Platform as a service integration for scientific computing using DIRAC

TítuloPlatform as a service integration for scientific computing using DIRAC
Autor/aVíctor Fernández Albor
DirectoresTomás Fernández Pena
TipoTese doutoral
Data de lectura17/07/2015
Lugar de lecturaUniversidade de Santiago de Compostela
Doutorado Doutorado internacional
AbstractThe volume of data generated by scientific activities is continuosly increasing, pushing the researchers to demand more computing power every day. As a consequece, there is a clear need of High Performance Computing (HPC) services to facilitate the use of computing infraestructure distributed on different geographical and administrative locations. These services should provide the researchers with a seamless and secure access to a wide range of resources, taking advantage of the fact that nowadays universities and research centers are interconnected with high-speed networks. University resources range from small teaching computing rooms to medium-sized clusters of computers used by research groups.

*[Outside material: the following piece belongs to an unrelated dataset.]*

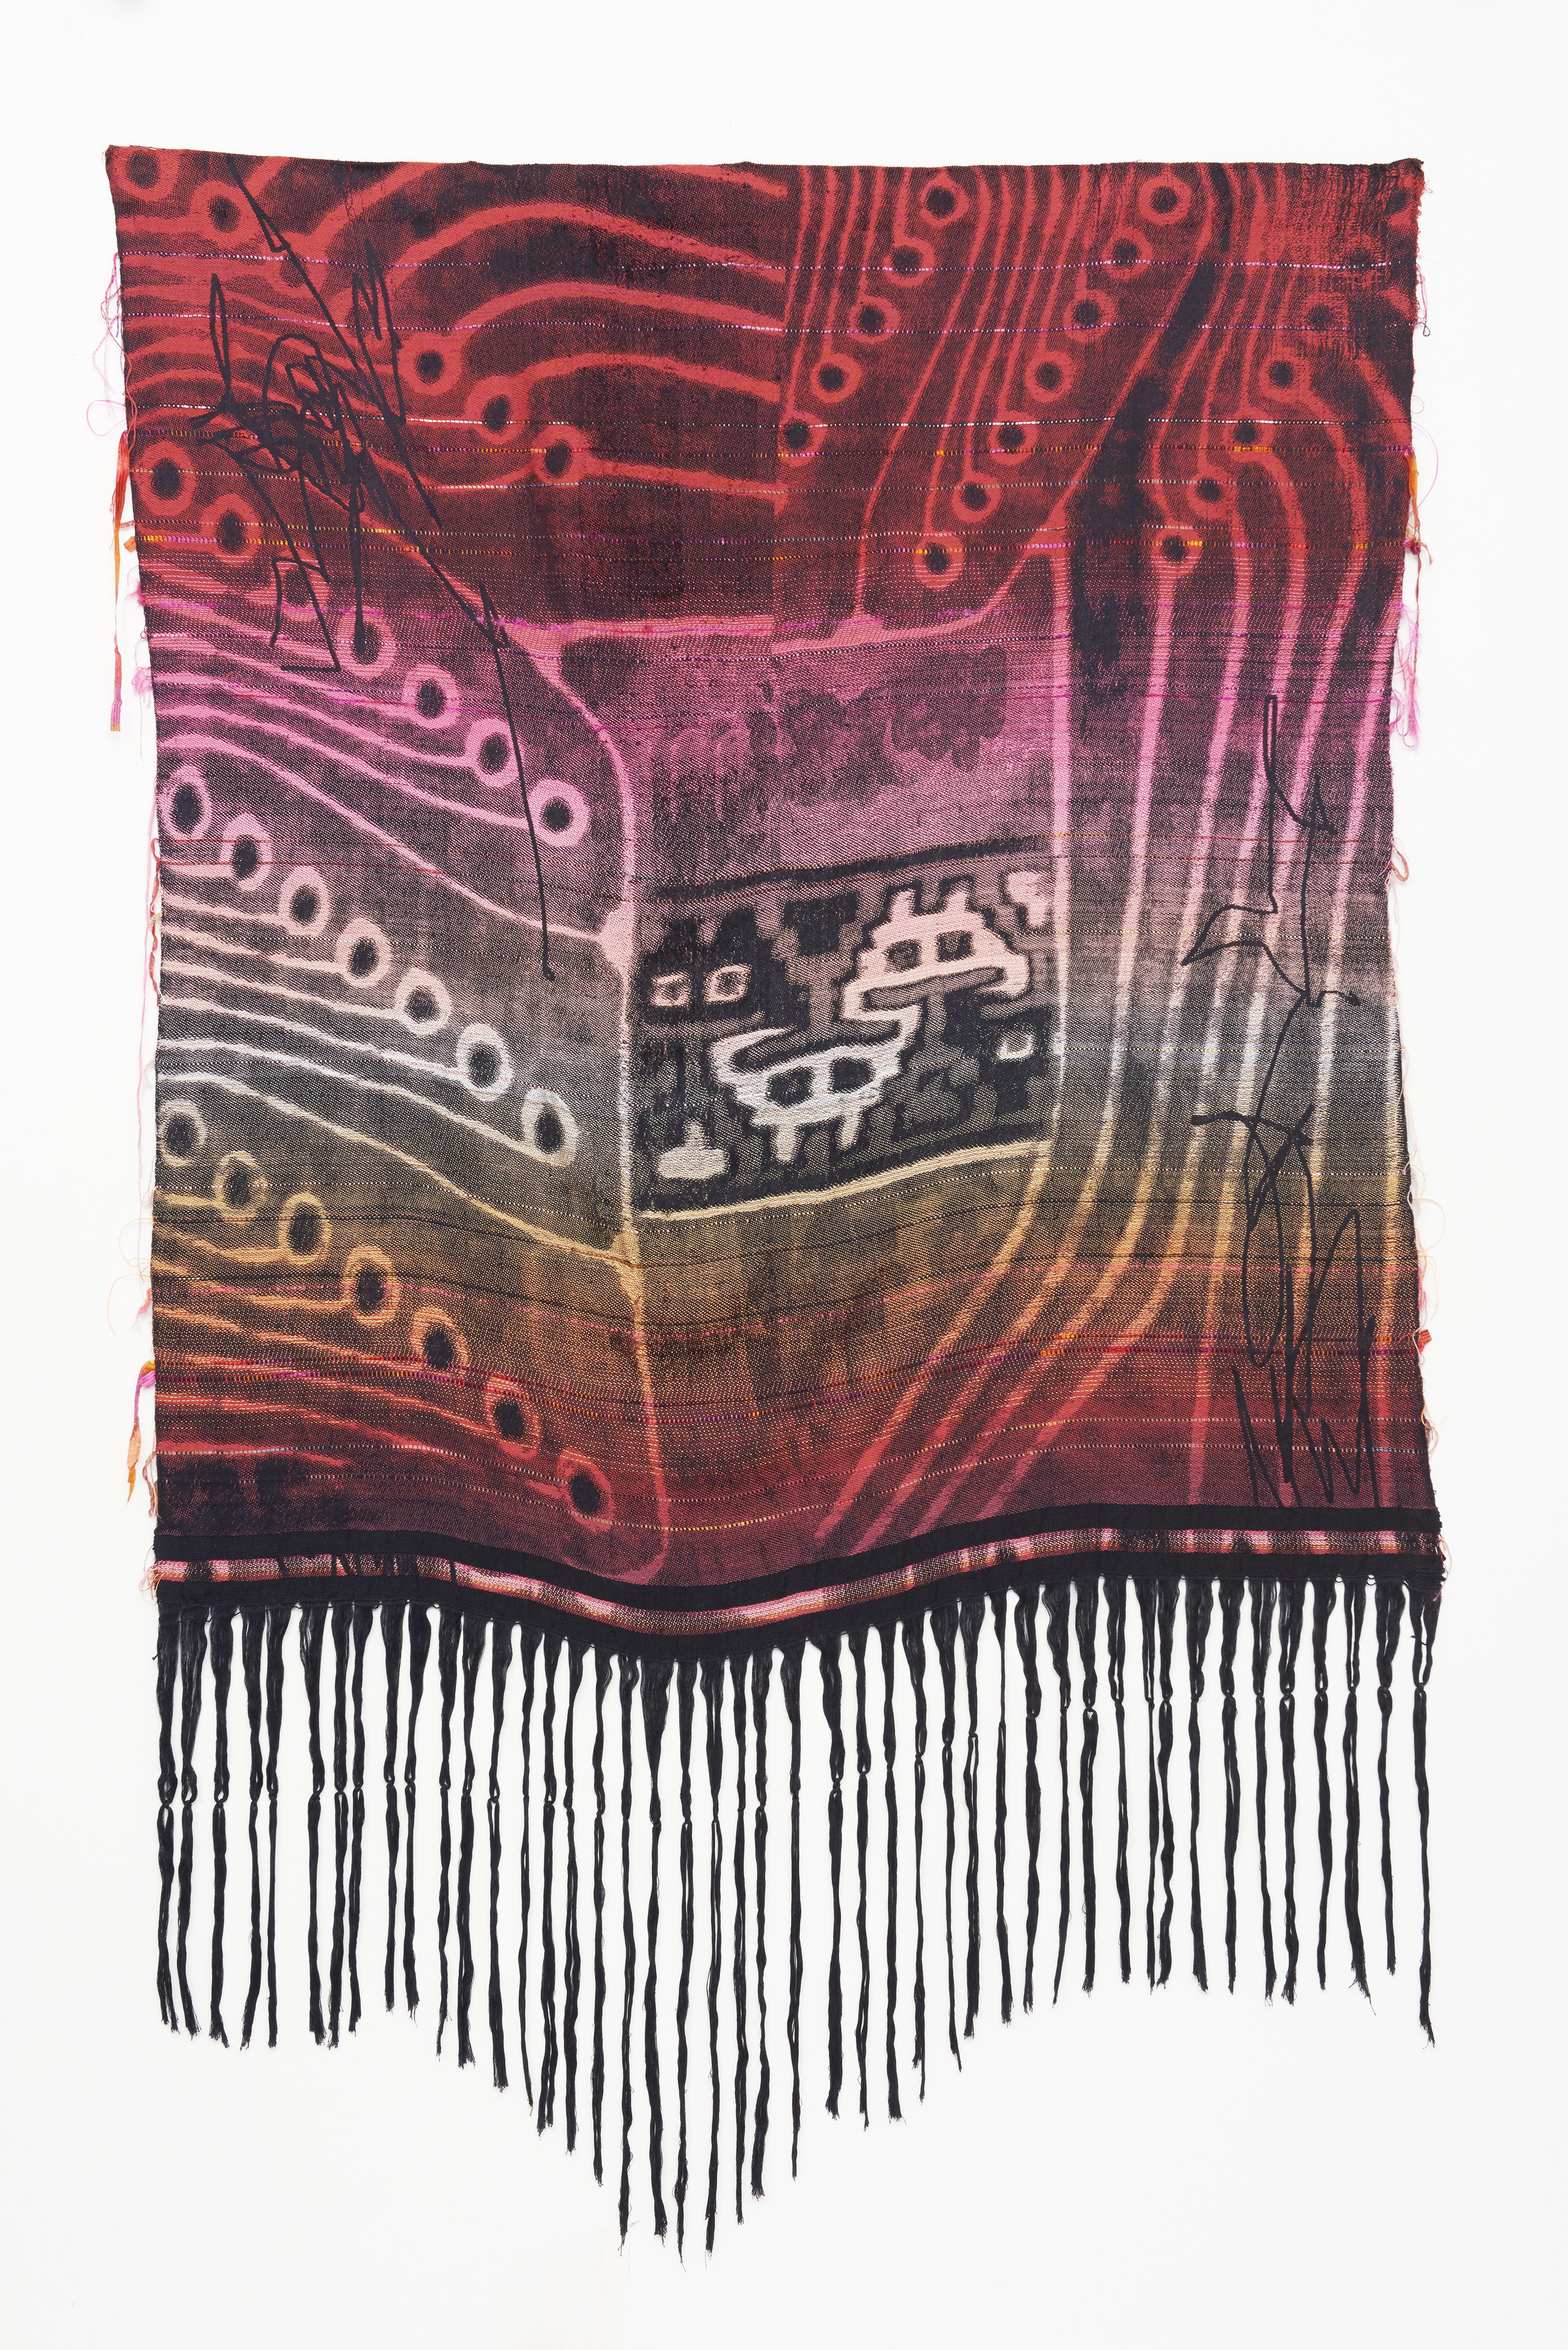  Robin Kang  Encrypted , 2017 Hand Jacquard woven cotte, tencel, and synthetic fibers 87 x 53 in

Grid and Cloud technologies are optimal to allow the use of this heterogeneous spectrum of computing resources, providing therefore a potentially very big computing power with possible resource relocation between different geographical sites. The objective of this thesis is to adapt the DIRAC distributed computing software, developed originally for the CERN LHCb experiment, to be used by several user communities with cloud and big data technologies. This environment allows the access to centralized software repositories which provide the necessary software to run scientific computer simulations in clouds in a scalable way, with the possibility to use both dedicated and non-dedicated resources. In this sense, the platform should be tested for scientific computing. This work begins with a research to find the requirements and then proceeds to the basic integration process. Afterwards, our solution is optimized for the scientific software used in clouds, tunning the virtualized environments. For this purpose, it is necessary to perform a statistical study as close as possible to the production environments to identify and create the appropriate infrastructure, avoiding the loss of performance in resources. The next step is to use virtualized technologies, adapting the new architecture, to create systems that would enable the execution of jobs requiring large amounts of data in the field of big data in a distributed way.